Вечером Владислав Витальевич не высыпался из-за исчерпывающего, но кратковременного ливня, – барабанную дробь которого его чуткое ухо постоянно подмешивало к учащенному сердцебиению.

Ночью в неосвещенной палате завелись какие-то звуки: то тут, то там, то здесь, то нигде, то одновременно повсюду, – это мог быть толстенький таракан, которого Владислав подкармливал на прошлой неделе, или летучая мышь, ошибившаяся палатой и побеспокоившая отдых нерасторопного пациента…

А может быть, – только бы это было так! – это был гипотетический призрак Виталия Юрьевича, явившийся к Владиславу на паллиативно-примирительную встречу. Владислав приткнул к переносице очки, и всмотрелся в выпрямившуюся, руки по швам, палату: но ничего, только леденящий душу шорох.

Наконец-то решившись тщательнее все обшарить на опустевших шкафах, Владислав стал расхаживать взад-вперед, затупившимися топорами ног рубить пол, лапать кровати, ощупывать подушки, разыскивать источник постороннего шума. Пододвинул табурет, взобрался, слезал с картонной добычей, вскарабкивался обратно, уже задыхаясь от головокружения и ощущения, будто всякое прямонаправленное движение возвращает его на шаг назад.

«Господи, когда это уже закончится?» – произнес он вслух.

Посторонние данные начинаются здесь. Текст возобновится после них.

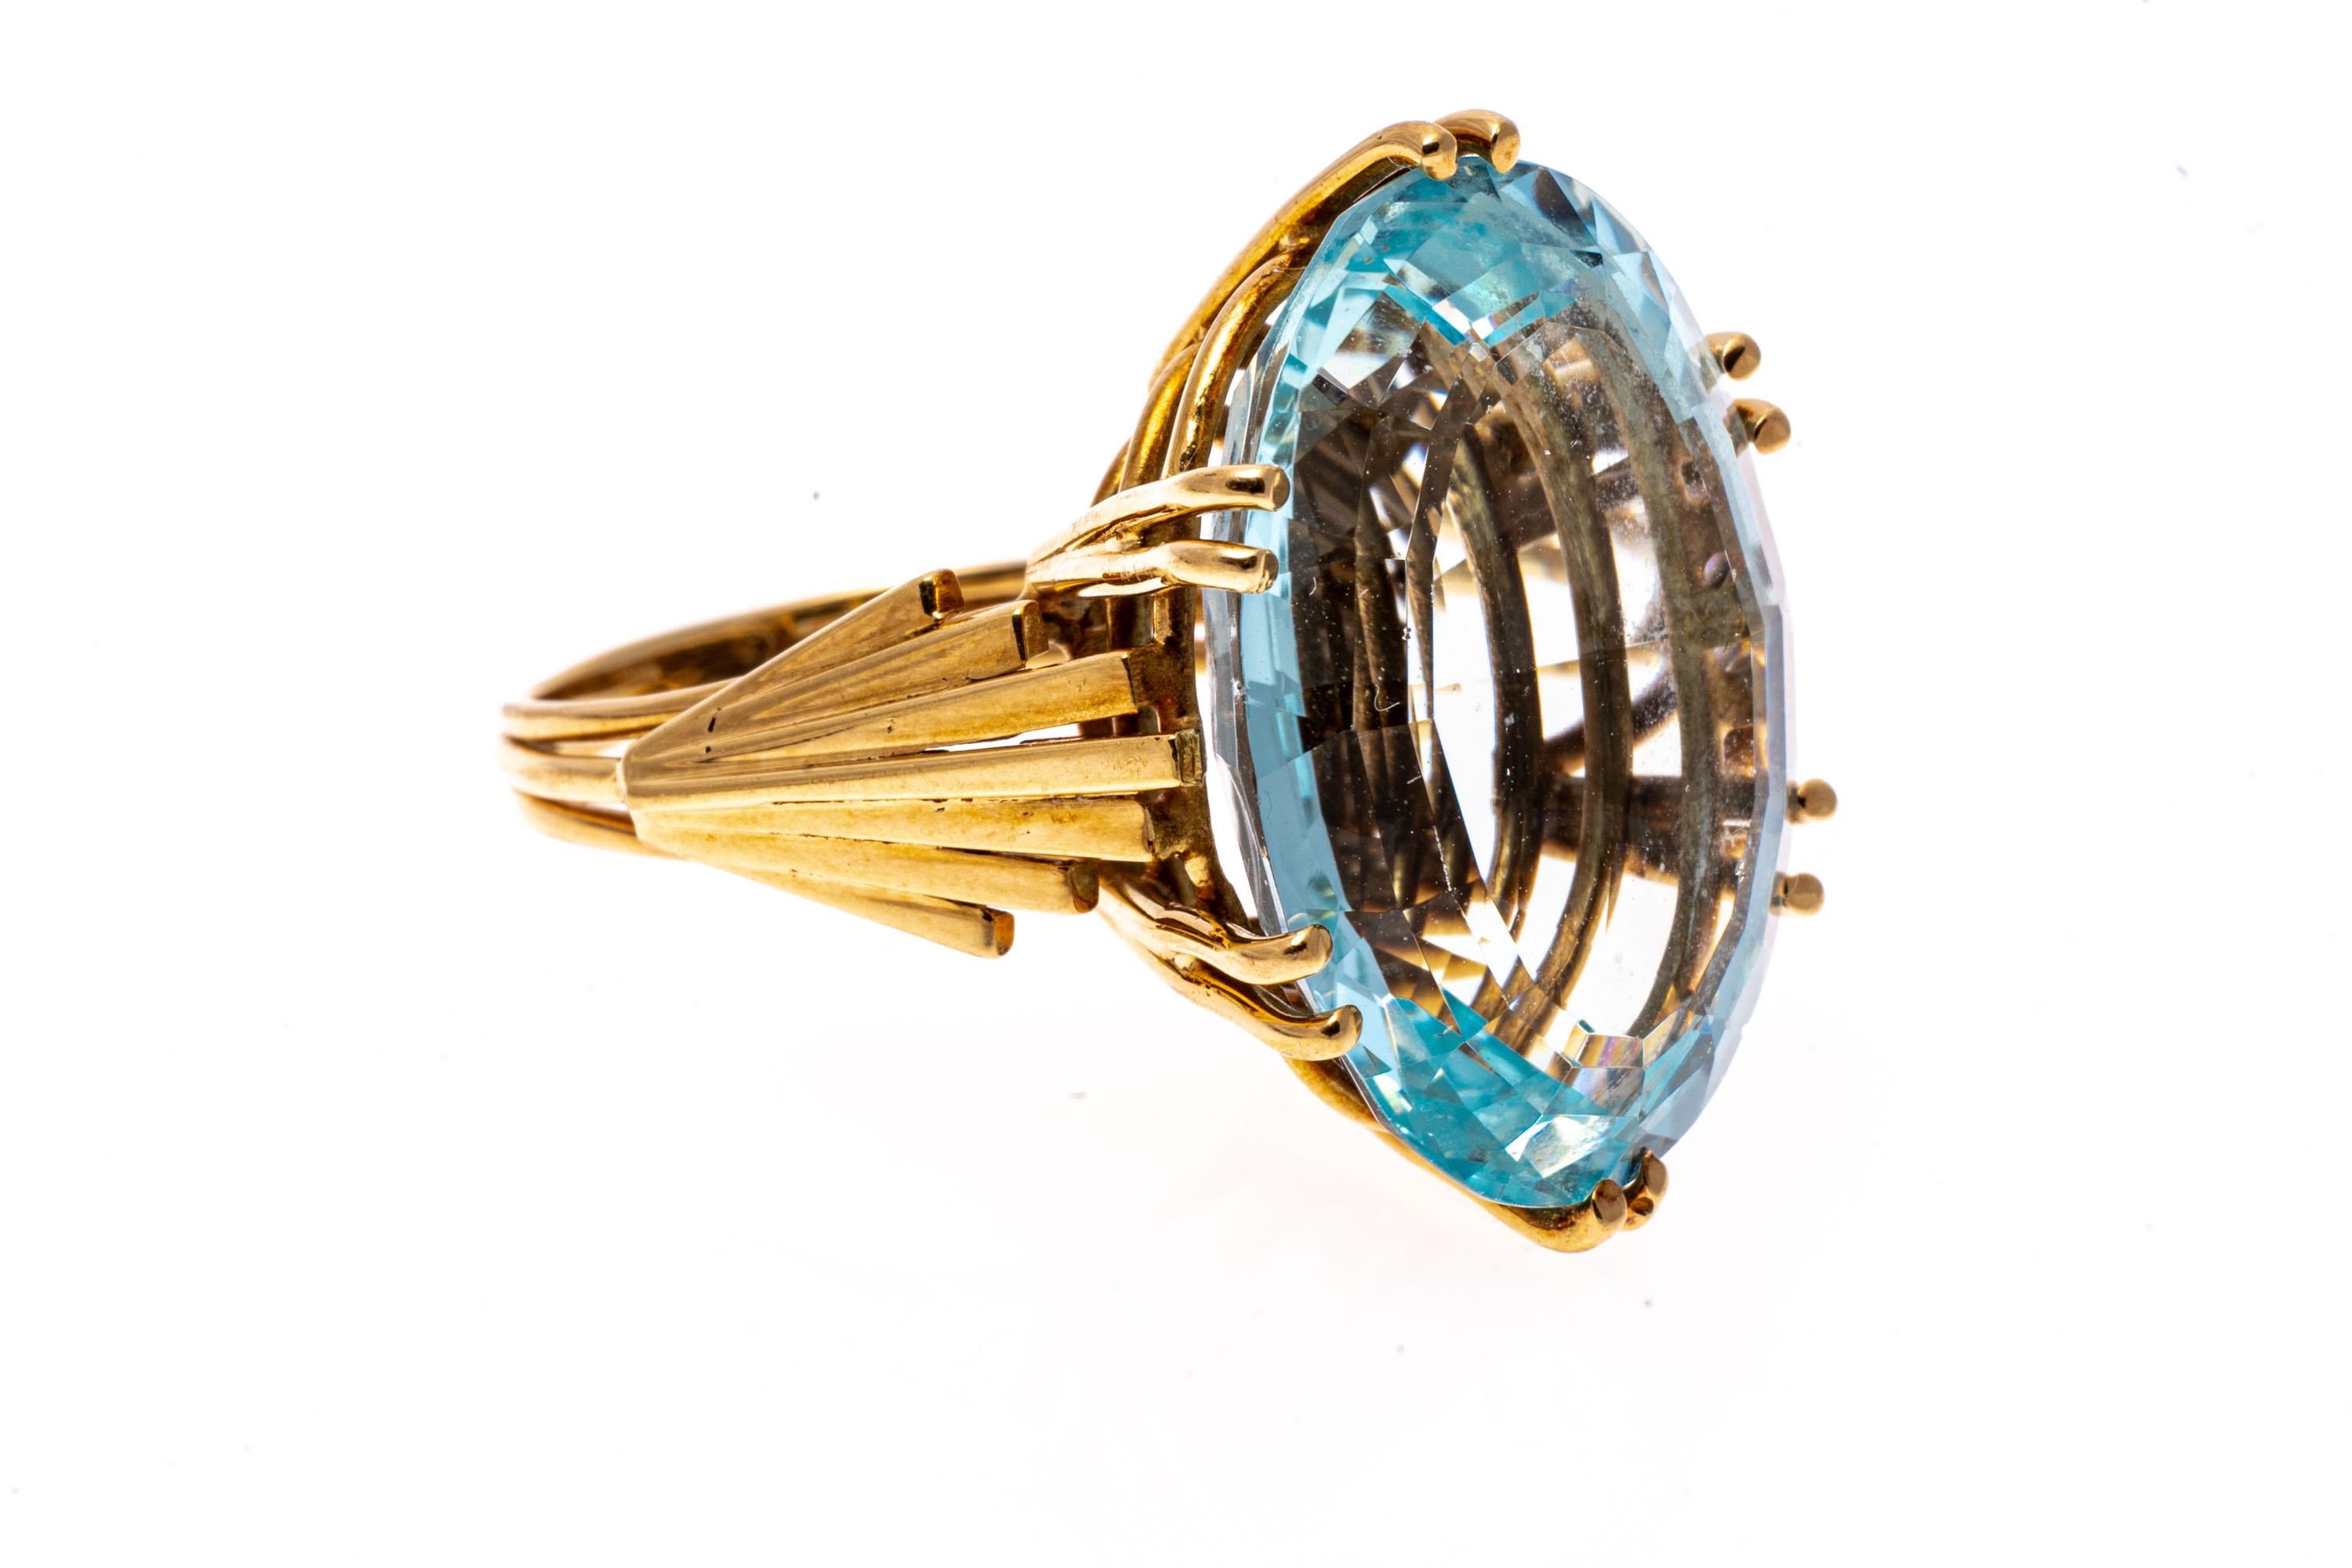 18k yellow gold ring. This elegant ring has a very retro look, with a large center oval cut, pale blue color aquamarine, approximately 16.36 CTS. The center stone is set with six split prongs, and is decorated with Deco-style fan shoulders which

Пищал линолеум. Между морщин на лбу проступили капельки испарины, похожие на строку из предсмертной записки, к сердцу хлынула кровь, похолодели пятки, словно Владислав по горло ушел под лед, нагишом провалился в прорубь собственного тела. Он закачался на табурете, и неожиданно помутившееся сознание поволокло куда-то вниз, вниз, вниз, – и в следующую секунду пол несся ему навстречу.

От столкновения лоб в лоб куда-то поскакал хороводом полуторагодовалый мир, темнеющий и гаснущий. Глаза, как солнце, закатились и погрузились в душераздирающую стужу небытия, пространство крутануло колесо времени в мозгу Владислава, как штурвал колоссального корабля, из-за чего наблюдаемый в окне небосклон запрокинулся, бесконечность за закатившимся белками глаз поглотила косноязычный мир целиком, как неоконченное словосочетание…

Утром, в расколотой напополам палате, – стеклышко очков дало непобедимую трещину, браслетик-часы остановились, – Владислав очнулся с пышной шишкой на лбу. На его грудной клетке, склевывая с больничного халата крошки, сидело простодушное, ошпаренное вчерашним ливнем пернатое из семейства воробьиных: когда-то Владислав Витальевич читал, что позвоночник воробья включает в себя вдвое больше костей, чем шея жирафа.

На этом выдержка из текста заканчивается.